WHAT YOU ARE ASKED TO DO: From the listing below, give again exactly the lines from the line with "Duesse Coperture inaugura" to the line with "Snuggaroo Men S", ends included, without any pictures.

GIVEN DATA:

-------

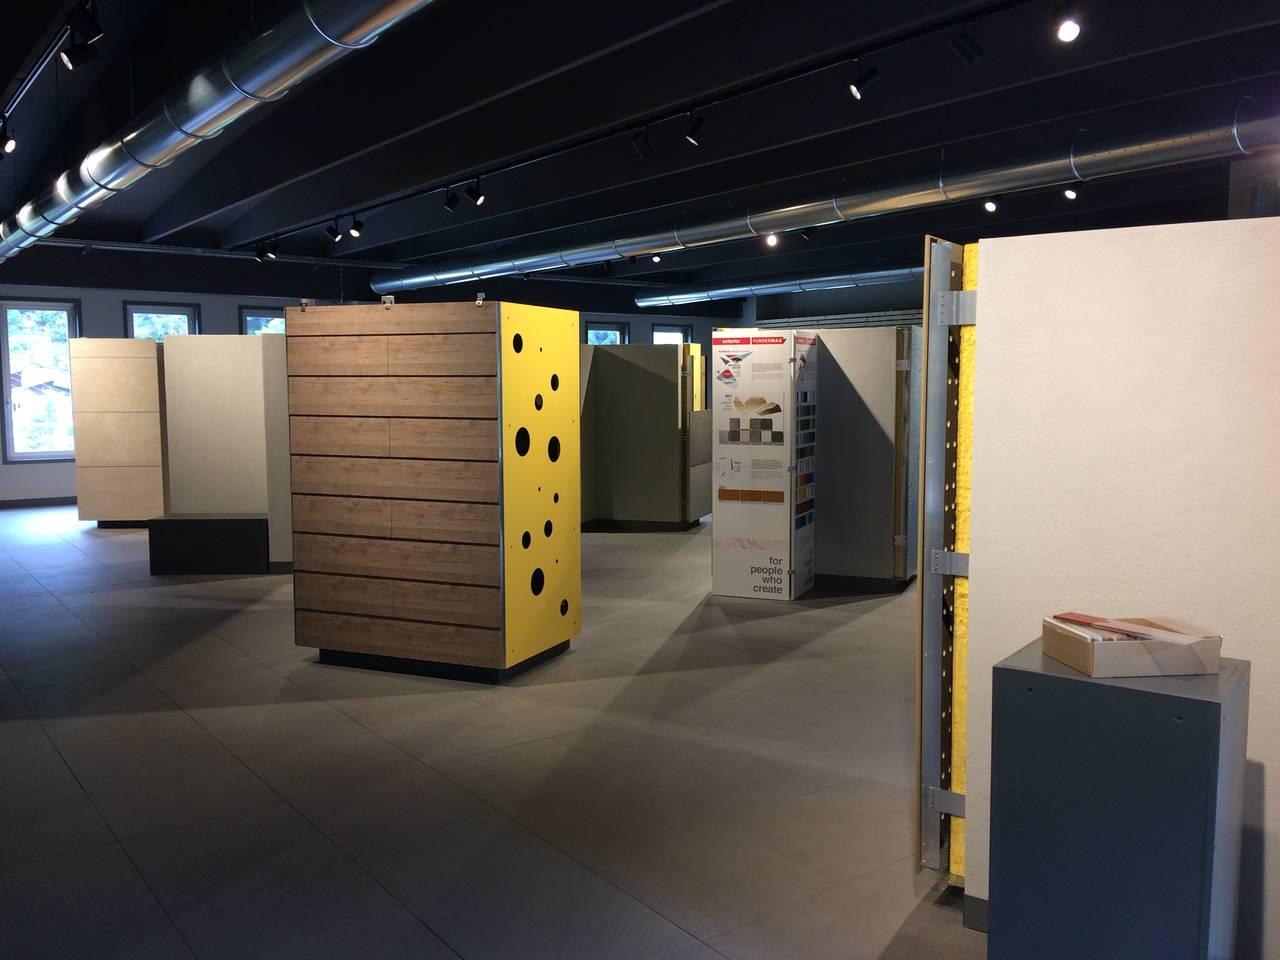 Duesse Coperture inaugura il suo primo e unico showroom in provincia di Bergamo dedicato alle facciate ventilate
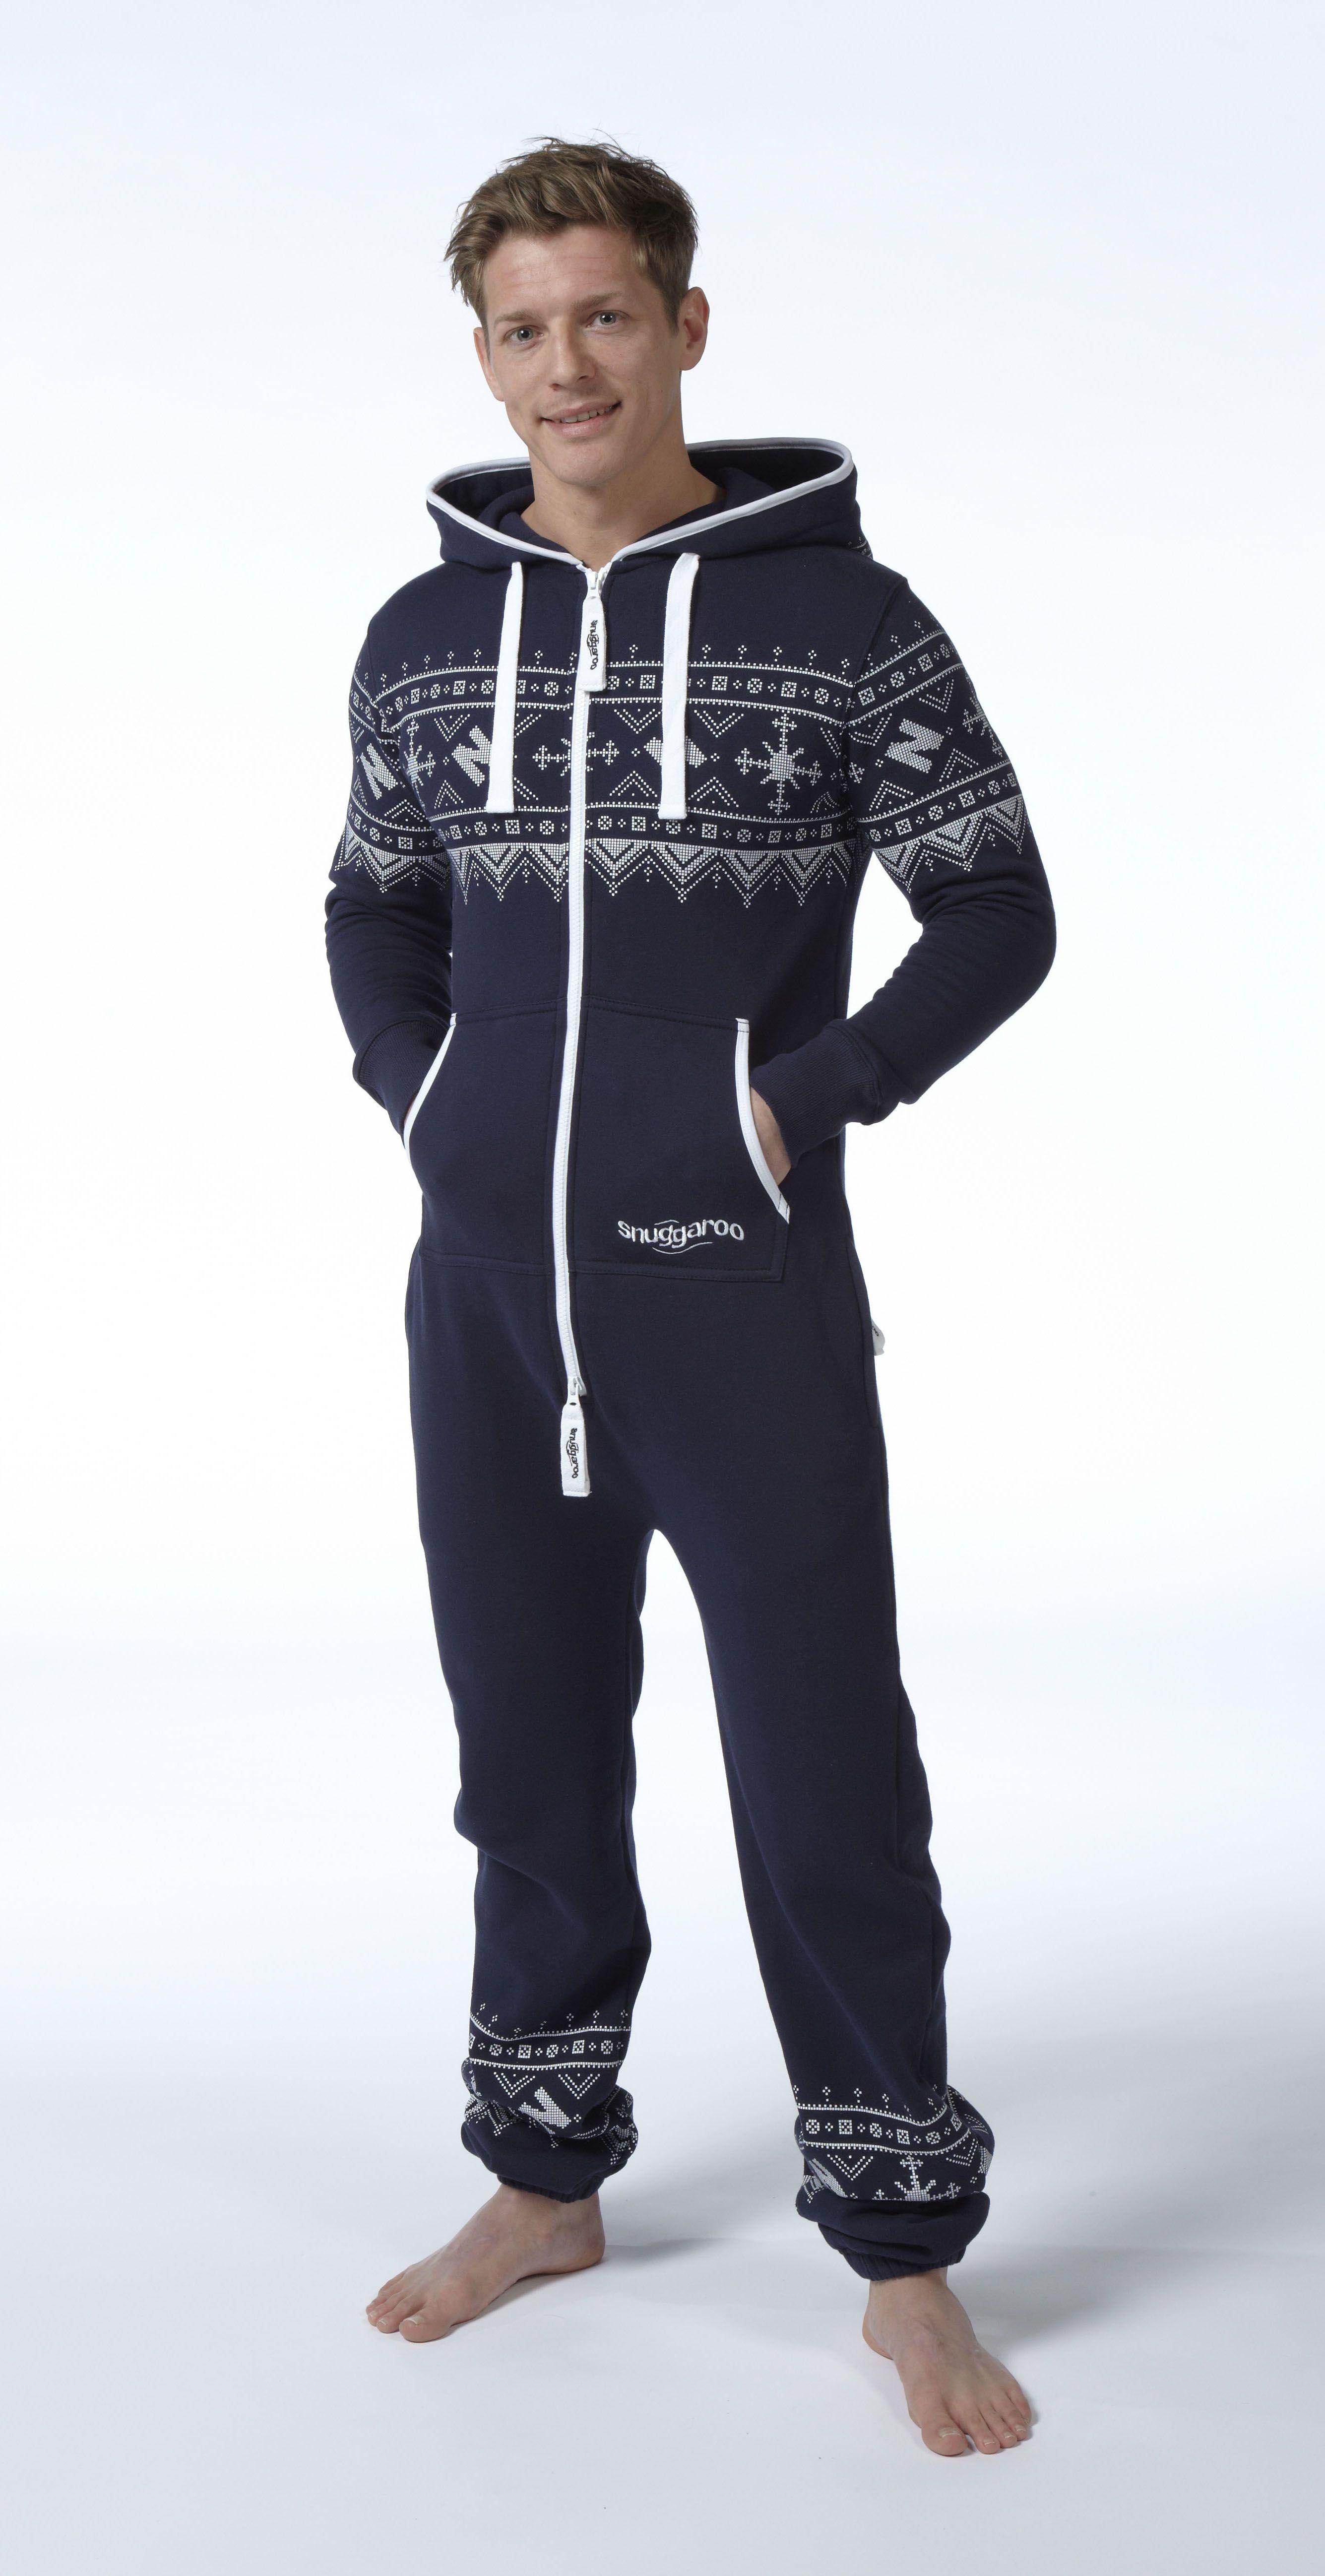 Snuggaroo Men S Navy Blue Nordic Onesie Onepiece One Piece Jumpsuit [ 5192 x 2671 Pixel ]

-------

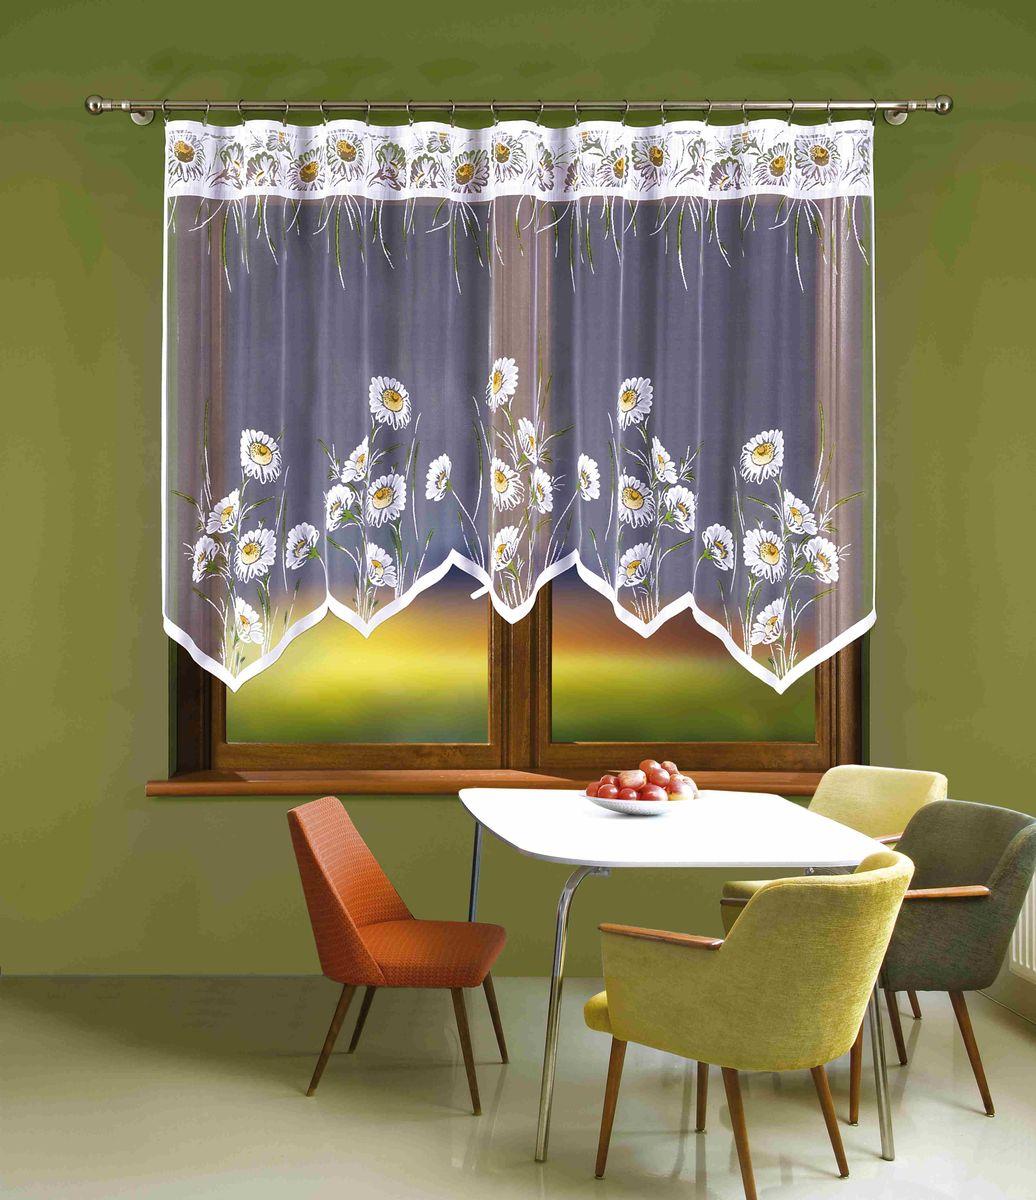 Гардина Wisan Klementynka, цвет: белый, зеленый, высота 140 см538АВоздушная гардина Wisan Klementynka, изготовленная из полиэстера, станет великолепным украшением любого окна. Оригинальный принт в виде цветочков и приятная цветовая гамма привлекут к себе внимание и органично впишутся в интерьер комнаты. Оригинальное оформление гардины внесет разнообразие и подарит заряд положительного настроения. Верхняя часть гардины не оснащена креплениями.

-------

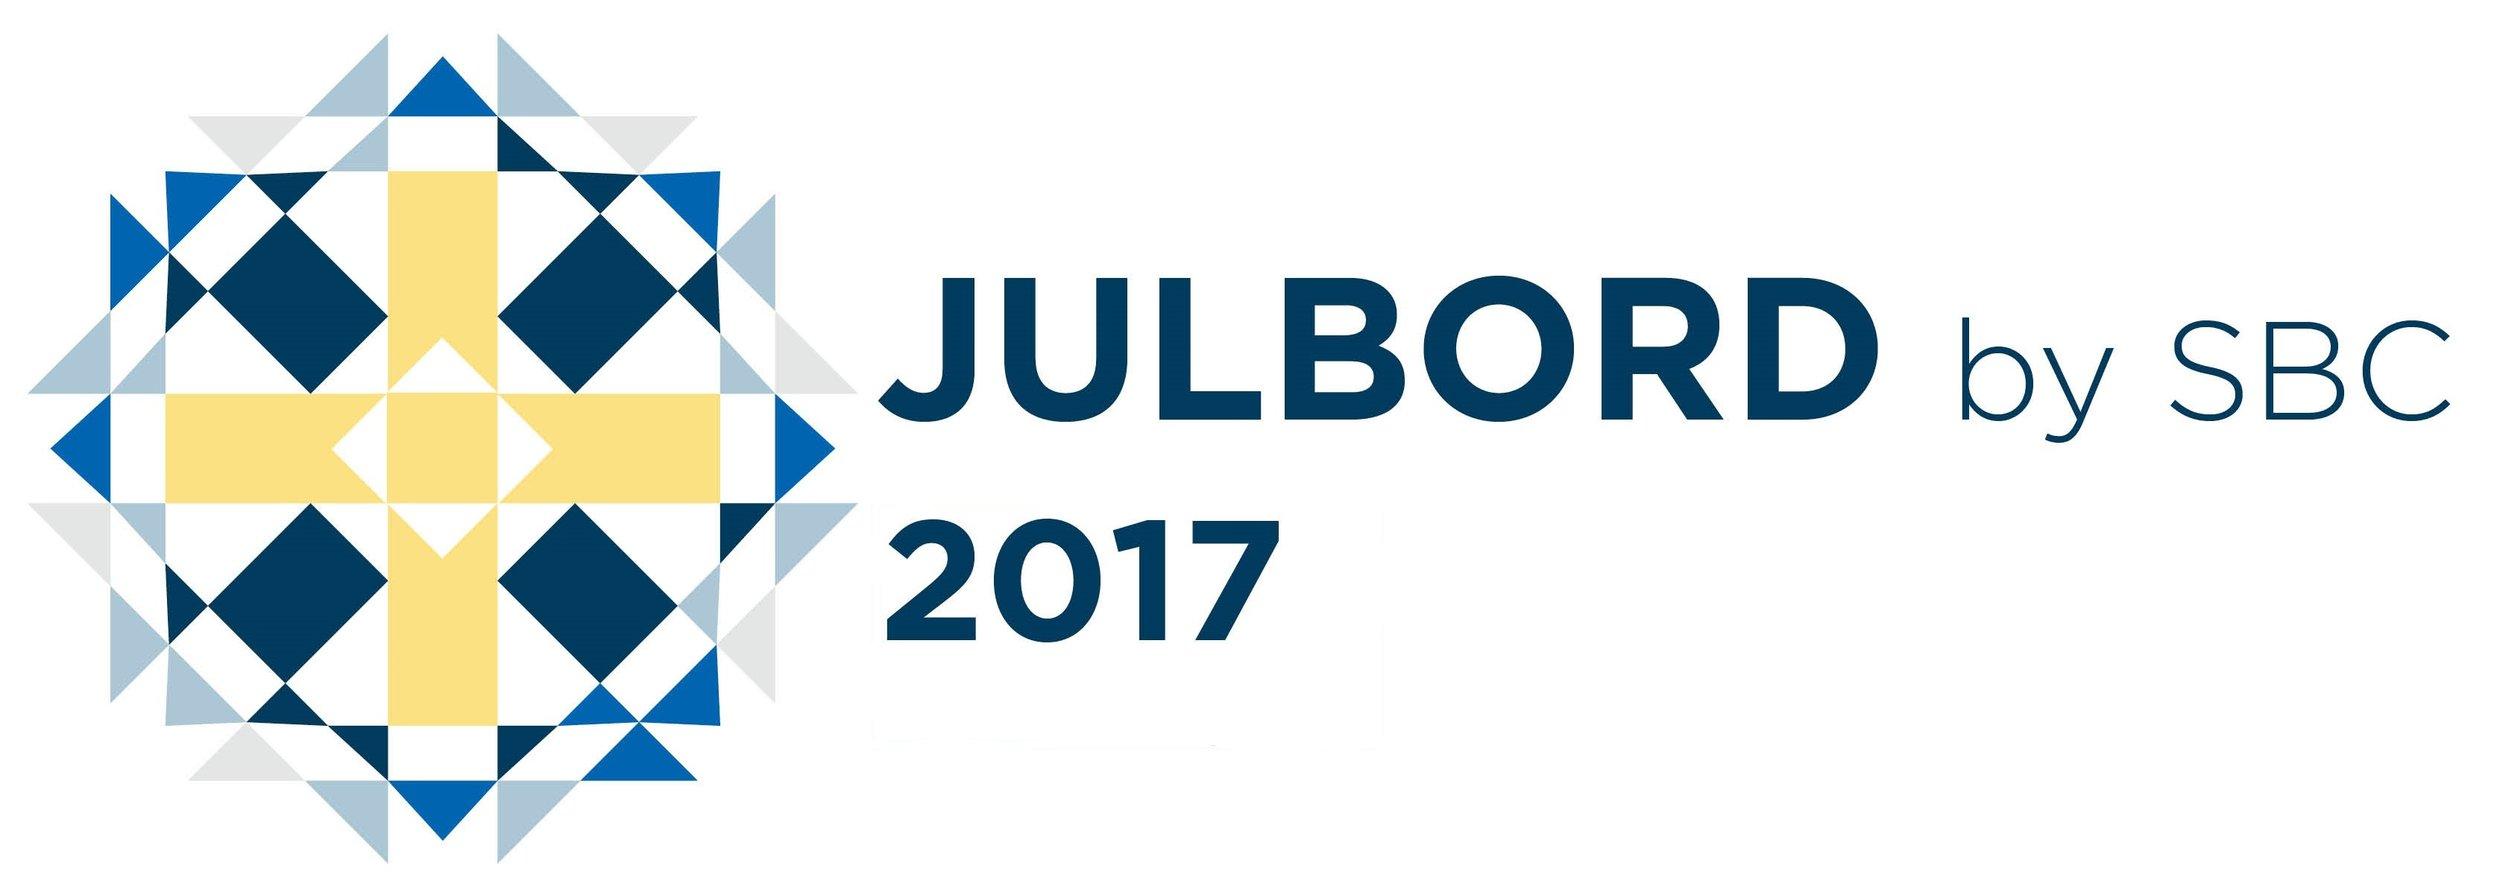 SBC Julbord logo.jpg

-------

SOLUTION FOR THIS EXERCISE:
 Duesse Coperture inaugura il suo primo e unico showroom in provincia di Bergamo dedicato alle facciate ventilate
 Snuggaroo Men S Navy Blue Nordic Onesie Onepiece One Piece Jumpsuit [ 5192 x 2671 Pixel ]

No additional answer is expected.